Quote from: Jeffrey Smith on May 29, 2016, 07:00:31 PM
Already done: a slim book, consisting of an unfinished prose version of the Kullervo story with outbreaks of verse sort of in the style of the original, two versions of a talk about the Kalevala in general,  again not quite complete, aimed at people not familiar with the Kalevala, and much editorial writing on the subject of this story as precursor to the Turin story of the Similarrion, incidental influences on  Elvish language, etc.

The story breaks off just after the suicide of Kullervo's sister, but covers the entire back story of Kullervo's parentage, how his uncle killed his father (the editor claims this was the origin of the Hamlet story) and brought him up as a servant, tried to kill him off, discovers Kullervo is lousy at every task set him,sells him off as a slave to Ilmarinen,  whose wife tries to kill him, and whom (the wife, that is) he does kill, then goes off to kill his uncle and as collateral damage kills his mother and two oldest siblings (nasty people)---although the last part is reduced to a plot outline attached to the end of the fragment.  Tolkien keeps only some of the names found in the Kalevala.

The story was probably written 1914, the talk somewhat later.

Thank you. :)
There will never be another era like the Golden Age of Hollywood.  We didn't know how to blow up buildings then so we had no choice but to tell great stories with great characters.-Ben Mankiewicz

Jaakko Keskinen

#7579
Almost finished with Wilhelm Meister's apprenticeship but I think I'll leave further commenting to future, when I have also read Wilhelm Meister's journeyman years.
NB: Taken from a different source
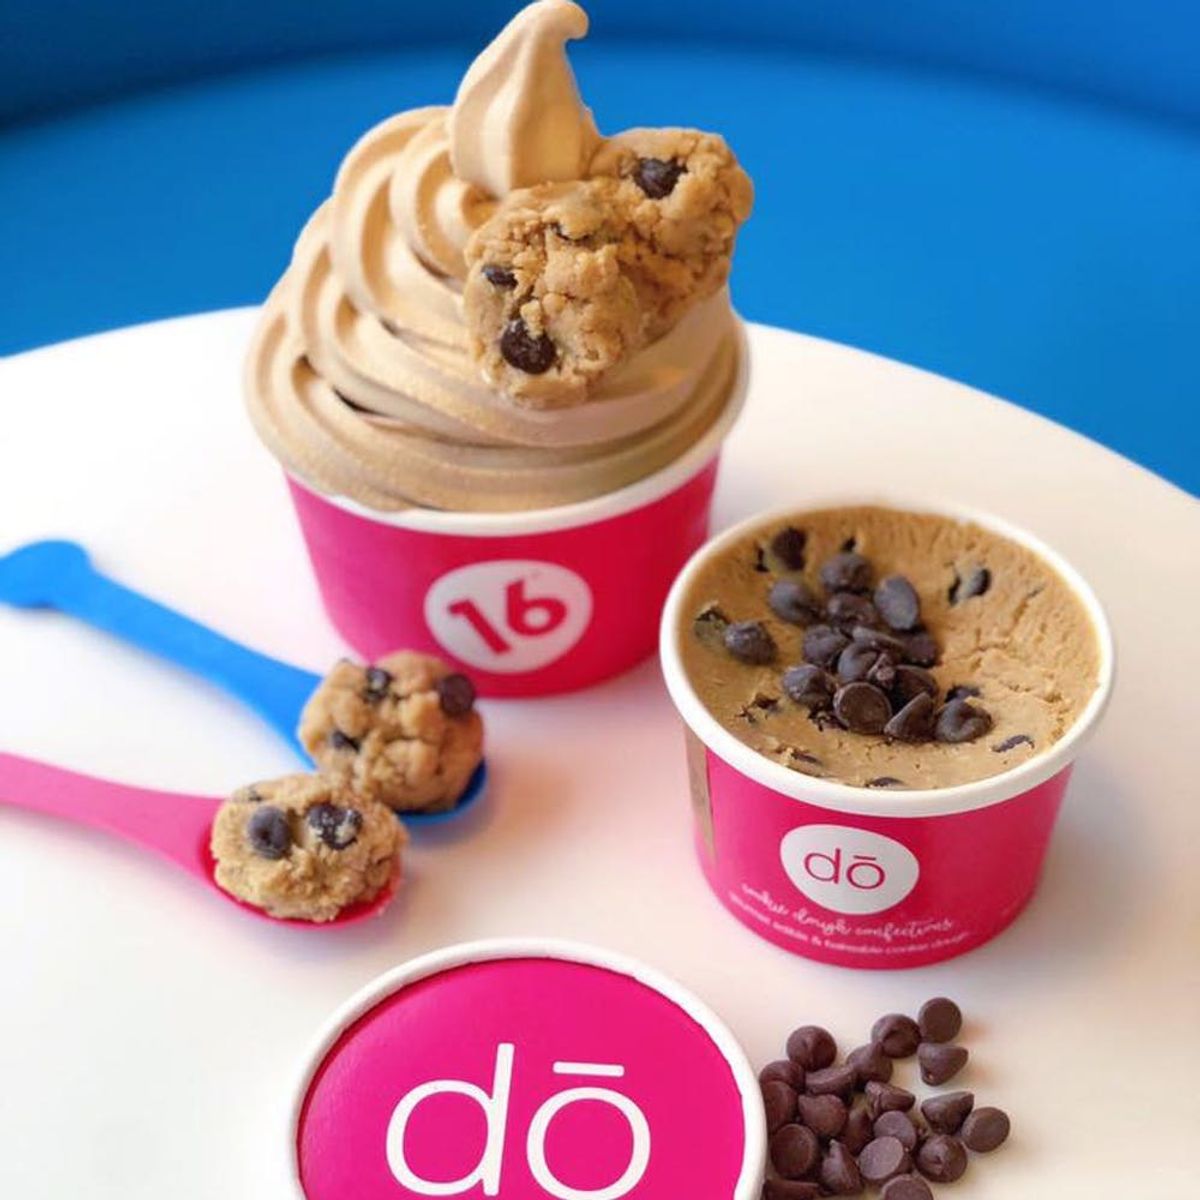 You Can Now Get Cashew-Based Soft Serve and Vegan Cookie Dough at This Chain

I cannot find that book in finnish translation anywhere, hell, it's possible it has never even been translated in finnish, so I'll probably buy an english translation from somewhere, perhaps that excellent one by Carlyle, and get on with it.
"Javert, though frightful, had nothing ignoble about him. Probity, sincerity, candor, conviction, the sense of duty, are things which may become hideous when wrongly directed; but which, even when hideous, remain grand."